Machtkampf
Interims-Regierungschef in Haiti tritt zurück

19.07.2021 | Stand 20.07.2021, 7:02 Uhr

Claude Joseph, Übergangs-Premierminister in Haiti, spricht während einer Pressekonferenz. Foto: Joseph Odelyn/AP/dpa

Haiti hat seit rund anderthalb Jahren kein beschlussfähiges Parlament. Nach der Ermordung des Staatspräsidenten Moïse räumt nun Übergangs-Premier Claude Joseph seinen Posten.

Haitis Übergangs-Premierminister Claude Joseph gibt im Machtkampf nach der Ermordung des Staatspräsidenten Jovenel Moïse nach und wird zurücktreten.

Haitis Wahlminister Mathias Pierre bestätigte entsprechende Medienberichte am Montag der Deutschen Presse-Agentur. Joseph übergibt demnach am Dienstag das Amt an den Ex-Innenminister Ariel Henry, bleibt aber Außenminister. Moïse hatte Henry keine 36 Stunden vor seinem Tod zum Premierminister ernannt. Da Henry zum Zeitpunkt von Moïses Ermordung nicht vereidigt war, blieb der bisherige Premierminister und Außenminister Joseph im Amt. Er trete nun zum Wohle der Nation zurück, sagte Joseph am Montag der «Washington Post».

Am Samstag hatten sich bereits Vertreter der internationalen Gemeinschaft hinter Henry gestellt, nachdem sie zunächst Joseph als Interims-Premierminister anerkannt hatten. Die sogenannte Kerngruppe ermutigte einer Mitteilung zufolge nachdrücklich den 71 Jahre alten Neurochirurgen Henry, eine «konsensuelle und inklusive» Regierung zu bilden. Der Kerngruppe gehören unter anderem die Botschafter Deutschlands, der USA und der EU in Haiti sowie ein Vertreter des UN-Generalsekretärs an.

Der Staatschef Moïse hatte am 5. Juli Henry zum bereits siebten Premierminister seiner Amtszeit ernannt und damit beauftragt, eine Regierung zu bilden. Der Premierminister ist in Haiti Regierungschef. Als Joseph die Regierungsgeschäfte nach Moïses Tod weiterführte, verhielt sich Henry zurückhaltend, sagte aber in einem Interview der Zeitung «Le Nouvelliste», seiner Ansicht nach sei er der wahre Interims-Premierminister. Da Haiti seit Anfang 2020 kein beschlussfähiges Parlament hat, wurde keiner von beiden verfassungsgemäß bestätigt. Am 26. September sind Präsidenten- und Parlamentswahlen in dem armen Karibikstaat geplant.

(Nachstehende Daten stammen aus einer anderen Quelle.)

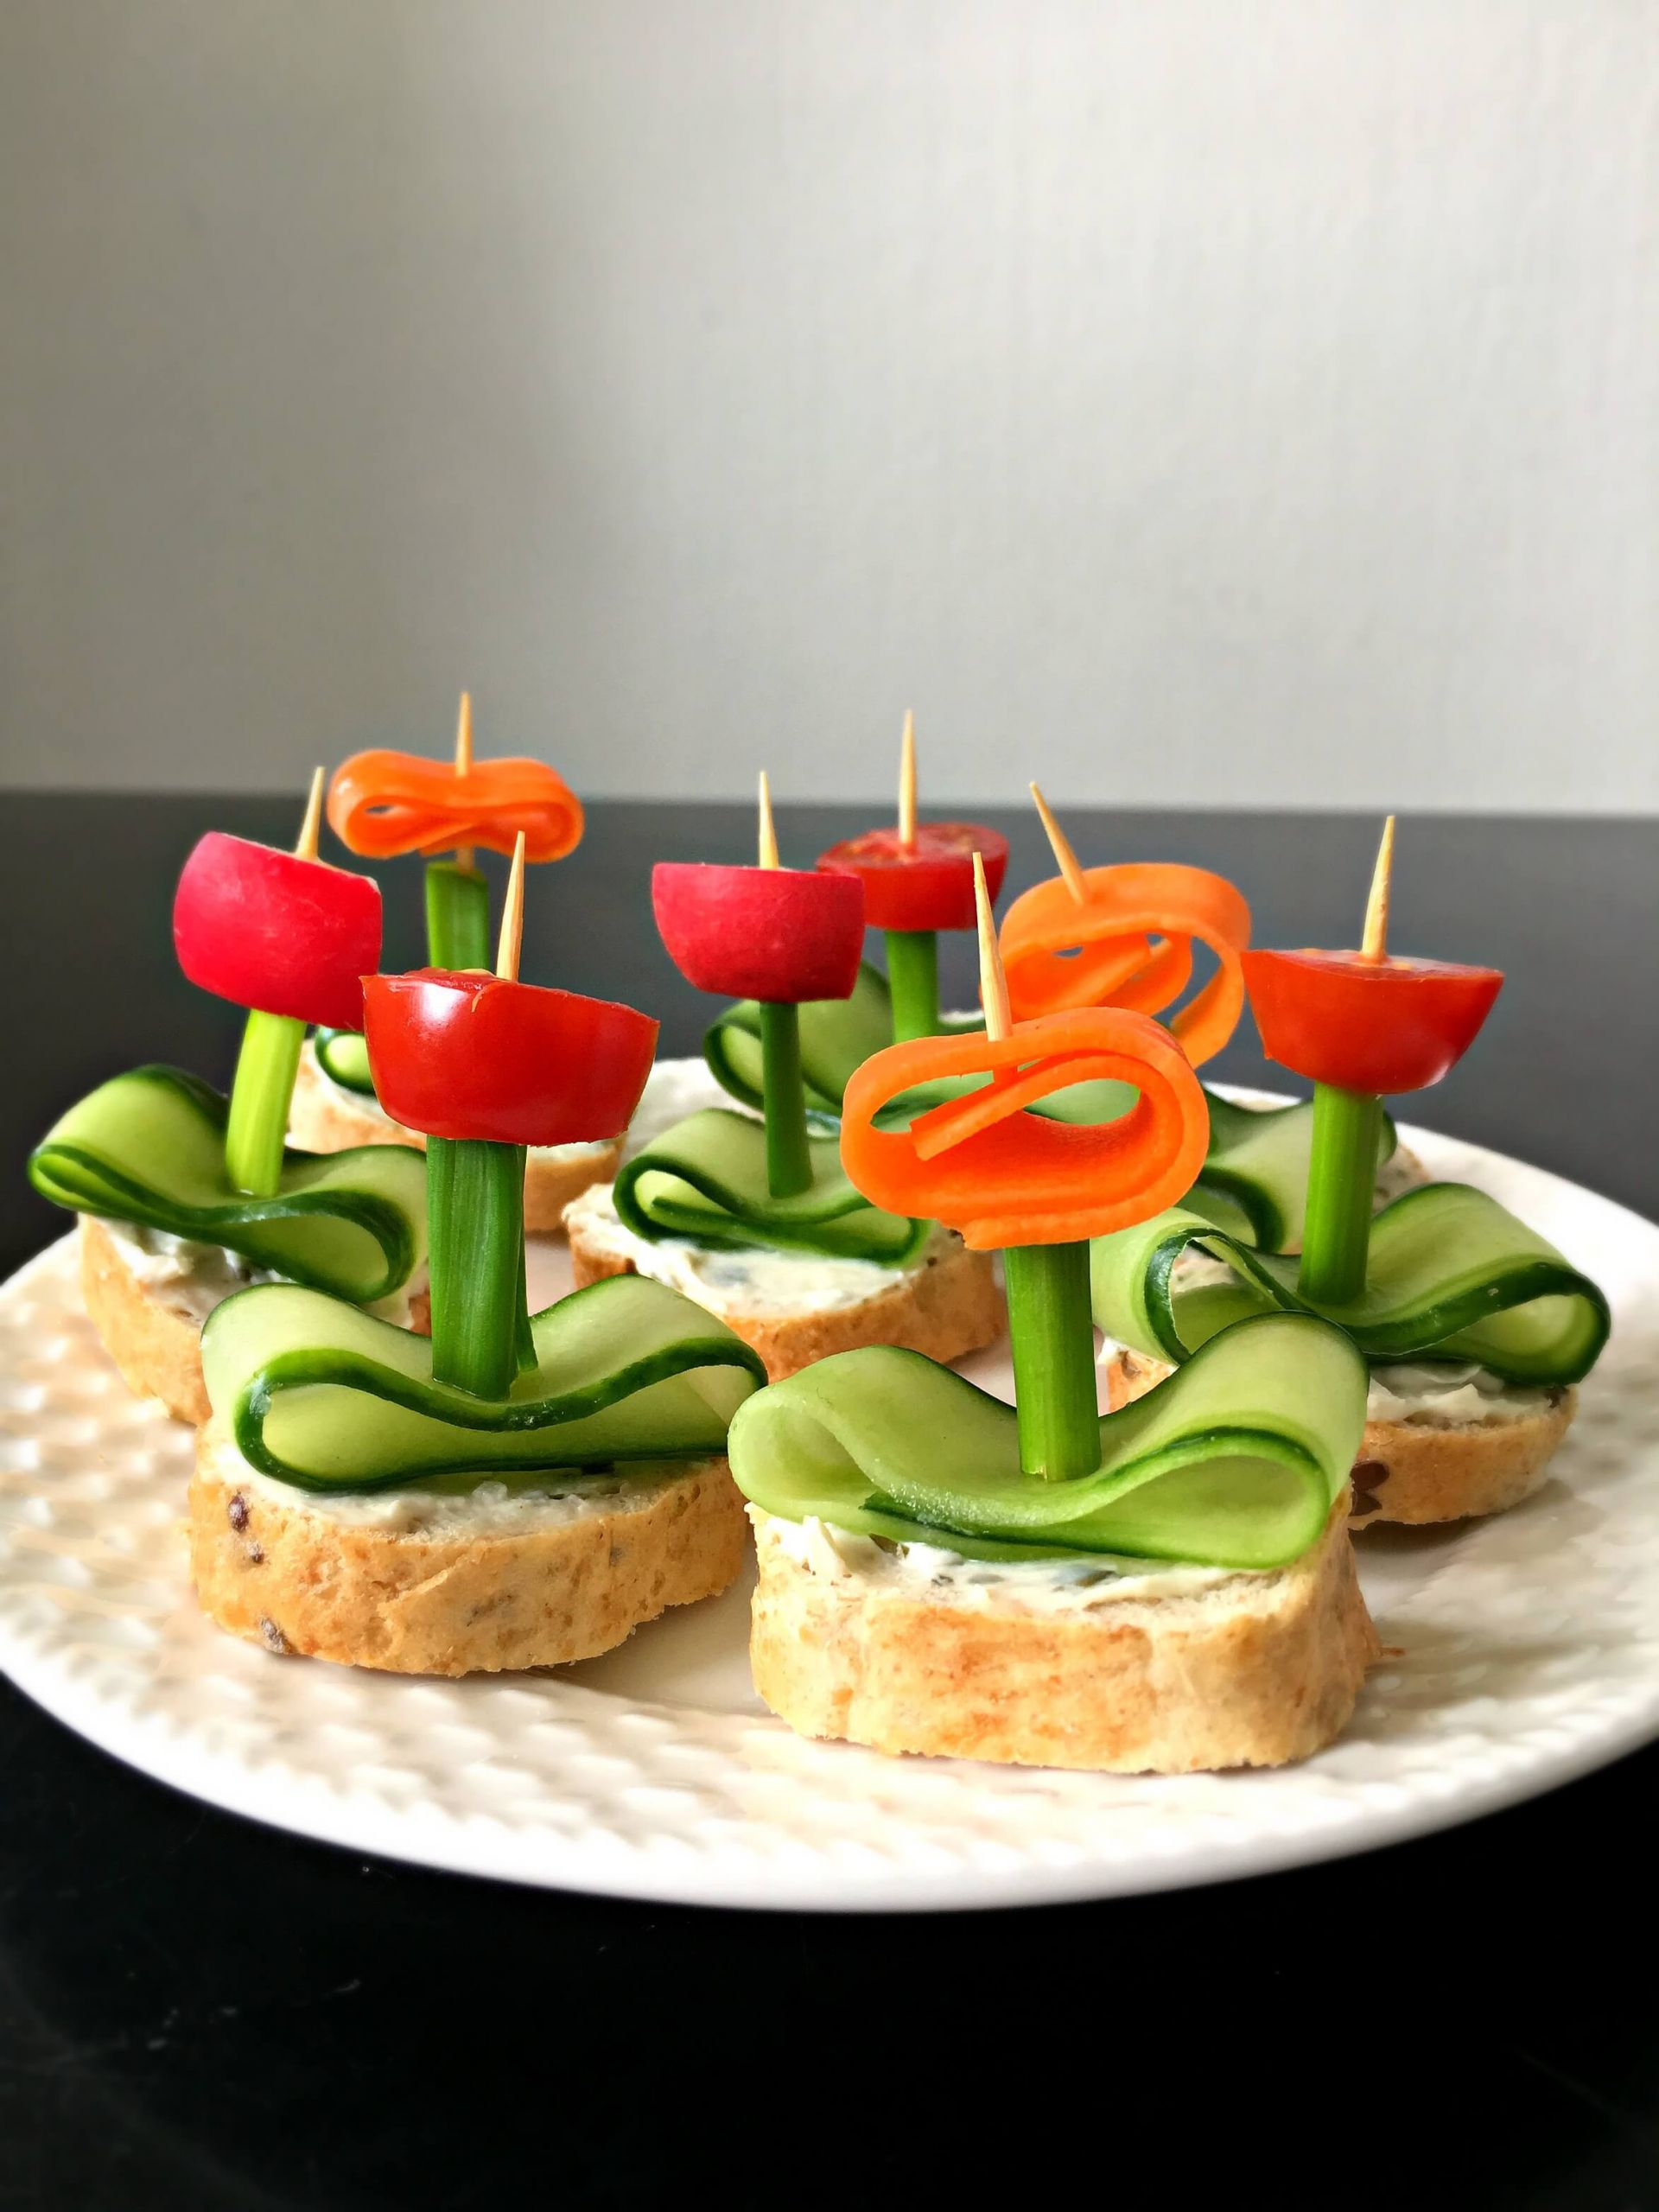 Easy Cream Cheese Appetizers
 Vegan Flower Appetizers with Herb "Cream Cheese"

Der 53 Jahre alte Moïse war in der Nacht zum 7. Juli in seiner Residenz von einer schwer bewaffneten Kommandotruppe überfallen und erschossen worden. Nach Polizeiangaben führten kolumbianische Söldner den Mord aus. Zu den Hintermännern sollen ein haitianischer Arzt, der in den USA wohnte, und ein Ex-Funktionär des haitianischen Justizministeriums gehören. Einen kolumbianischen Medienbericht, wonach auch gegen Joseph ermittelt werde, wies Haitis Polizei zurück.